I was thinking in the past few minutes about how my post yesterday quoting Hauerwas about how the first Christians believed that their belief required them to form a distinct community, and how I commented that this must imply that one is a Christian only if one is a part of this body. That leaves me out at present. Yes, one can say that I am “a part of the body” in some symbolic sense. But that seems an inadequate “consolation” (becuase that’s the weay it strikes me just now: as a “consolation prize”). And in thinking about this, I realize that I , in my lack of a place to go today (I COULD have gone where we have been attending —but not since the first Sunday in May—but did not)….by not being anywhere today or in the past month, I had forgotten that today was Pentecost Sunday. Yesterday, we were doing a few celebratory things for my wife Janet’s birthday (including some putt-putt and then watching a movie late when we got home—thus the lack of interest in getting up early enough to think about if we wanted to try to get to church—-a losing approach if there ever was one.)

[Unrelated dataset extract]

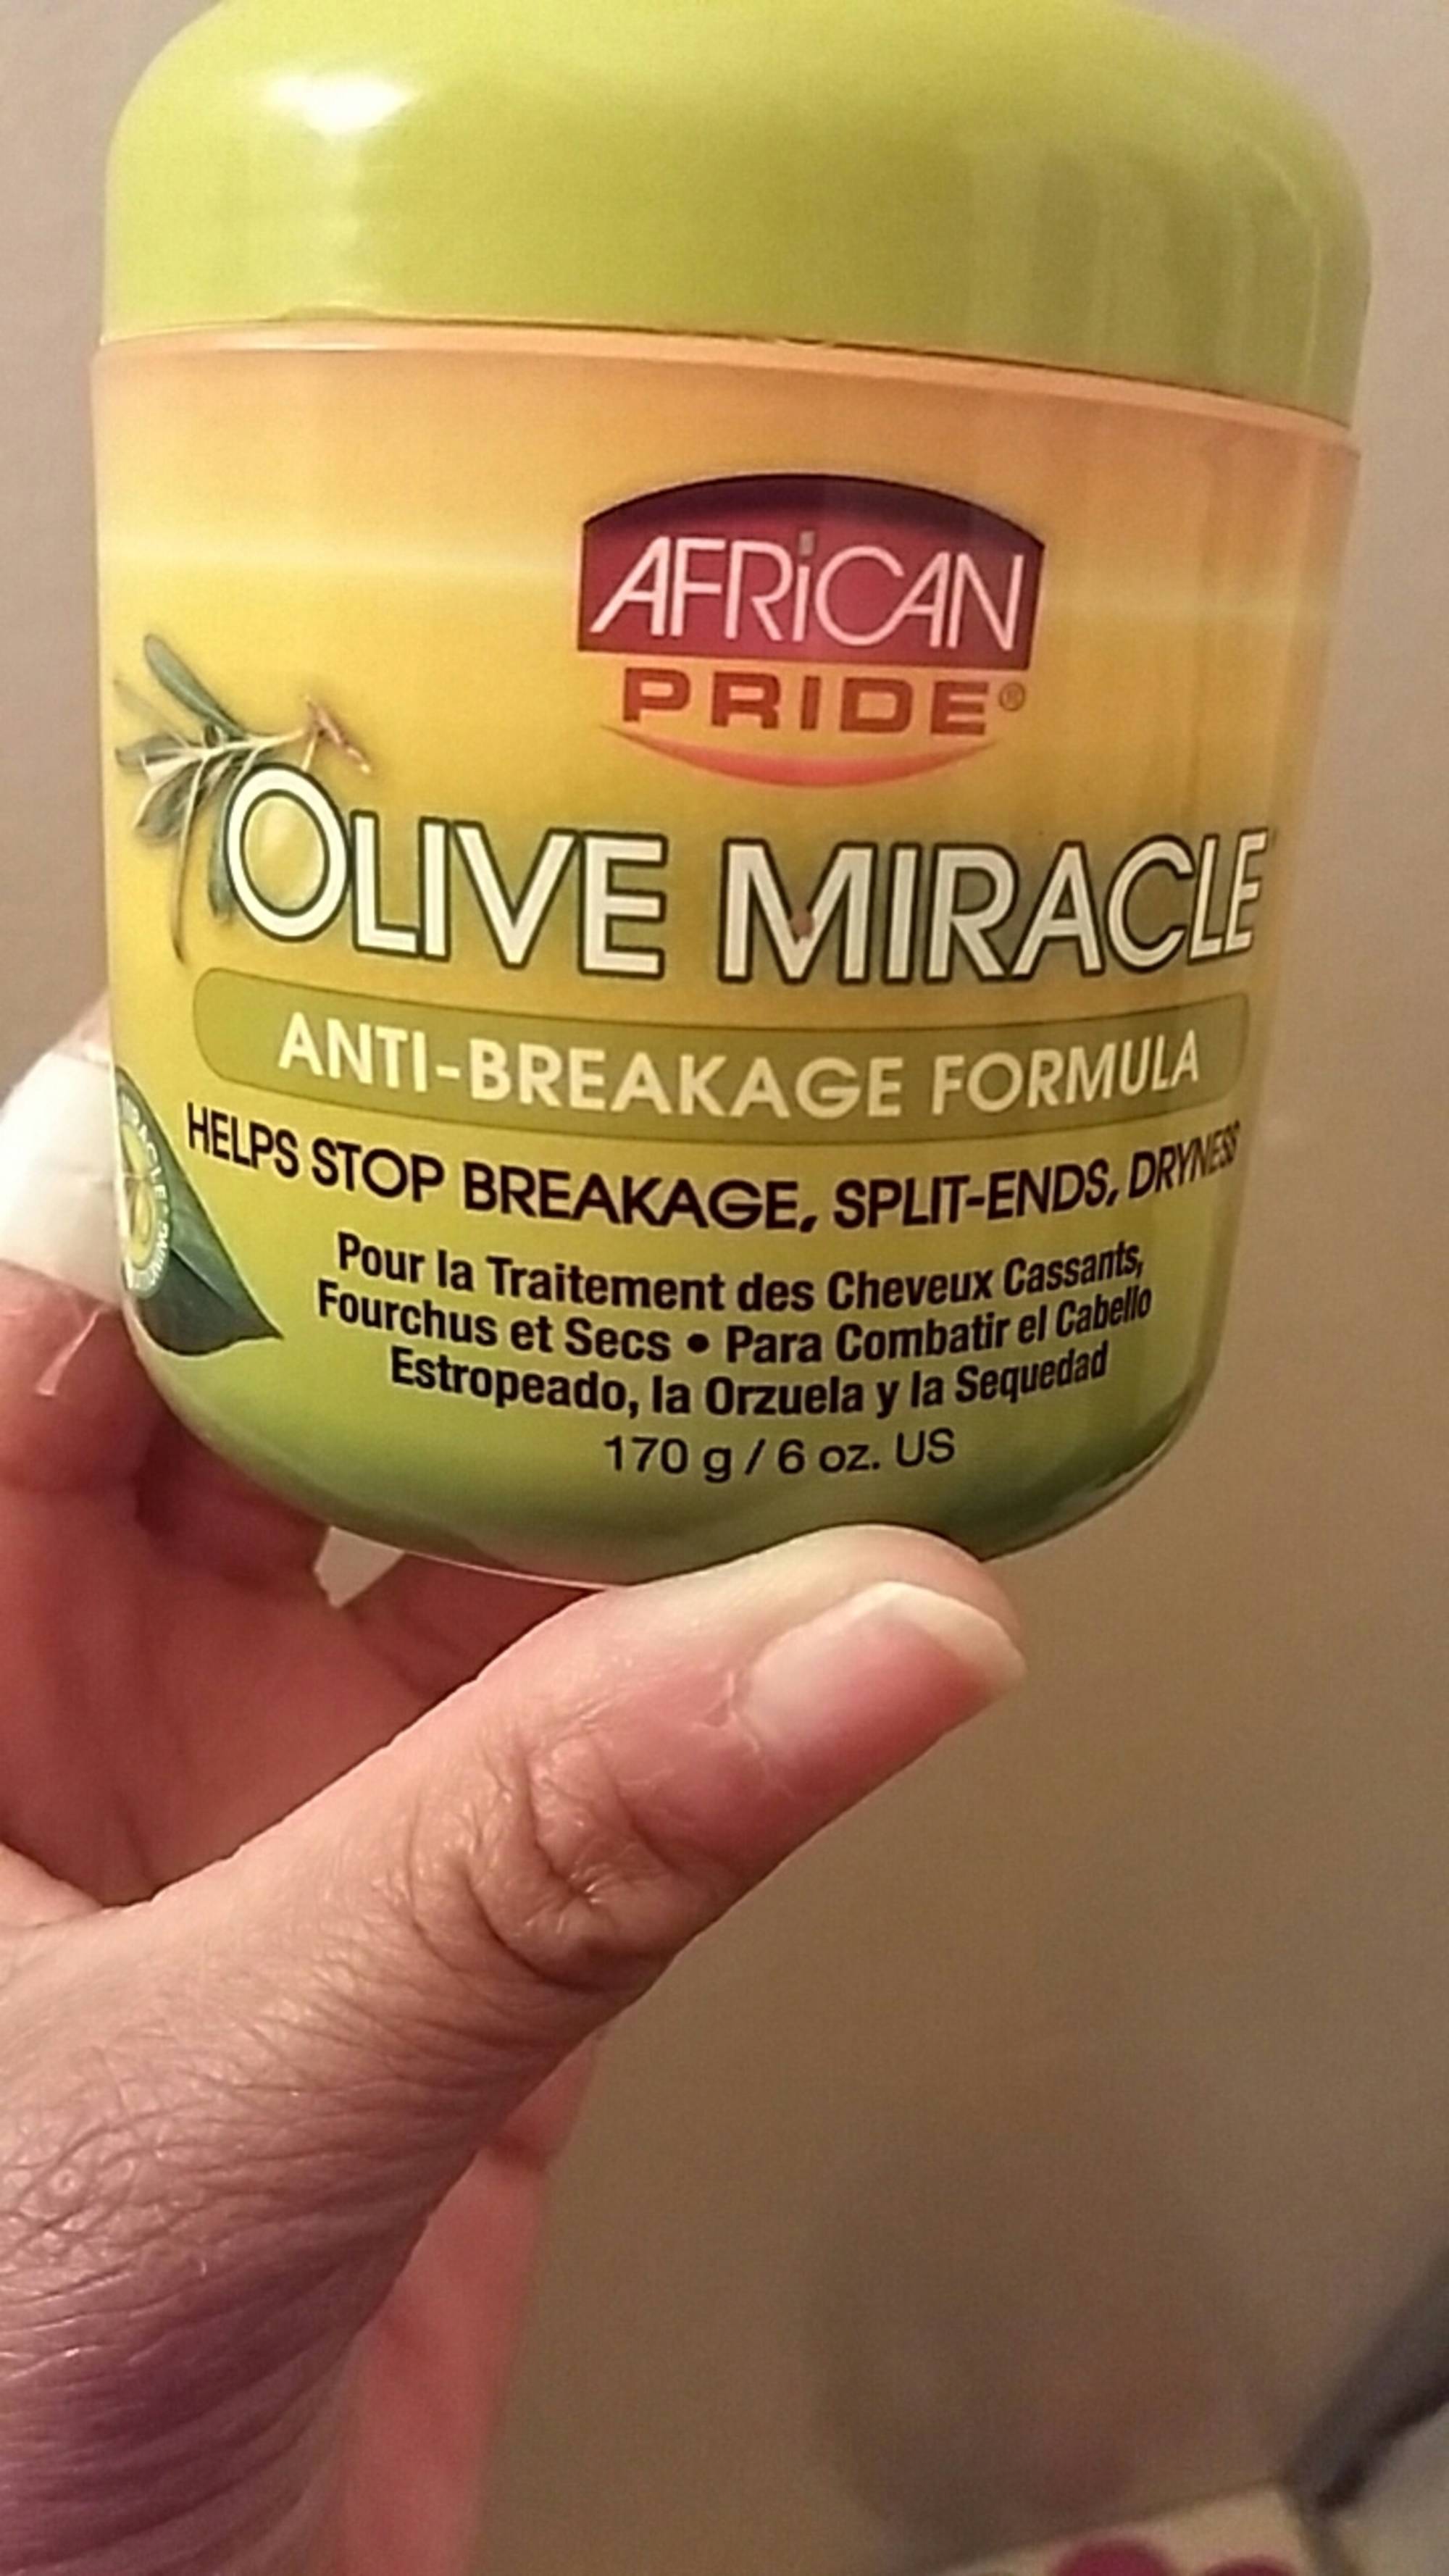 AFRICAN PRIDE - Olive miracle - Anti-breakage formula

It is of further dissonance that I realize that a year ago I was complaining about a lack of a church to call home on this same occasion of Pentecost Sunday. The churches we have “tried” in that year since are not fraudulaent or bad; on the contrary, they are “involved” in the community, and many people work tirelessly advocating for and aiding the poor. I just sense that I haven’t “gotten in”; I don’t sense a sense of “Journey Inward/Journey OUtward, or any distinctive commitment to a community life that takes seriously a discipline aimed at discerning call. It seems much like the “issues” and “agreement” and alignment with “Liberal Issues” are more of a litmus for inclusion than the matter of being a body that worships and cultivating a kind of monastic lifestyle in its devotion to being formed as a community attuned to what God wants done by this particular people.
I can’t say exactly how things are “missing something” except that there is little different on the relational front between this church and a church that espouses right-wing politics and adores George Bush. Just the “Progressive”, not-Religious-Right version, with little difference in the nature of the solidity and intimacy of the body of those so gathered. I’m thinking again here about the Church of the Saviour “Mission Group” structure; of their attentiveness and centrality of CALL and that “accountability” to one another is central to discovery of gifts which leads to call. I still see no way “in” to this from where I sit. I even sense a resistance to engaging with me when I do reach out. It’s possible that I have some sort of “vibe” that misrepresent my efforts to “engage”? The longer it goes on, the more such suspicions (ie. paranoia?) about myself gain a stronghold.
Am I looking too harshly at “the real world”? Are my hopes (my “expectations”) making me too impatient? Am I exuding a judgmental “air” about me? Should I accept a more “abstract” notion or try to work from an approach that I expect too much too soon? Is what I want NOT out there? (Well, it is, since this has been going on in DC with COS for 50+ years.
I’ve hacked away at this very post, trying to figure out how best to explain this. I guess I’ll have to just let it stand, because I’m never going to be satisfied with even my account of this.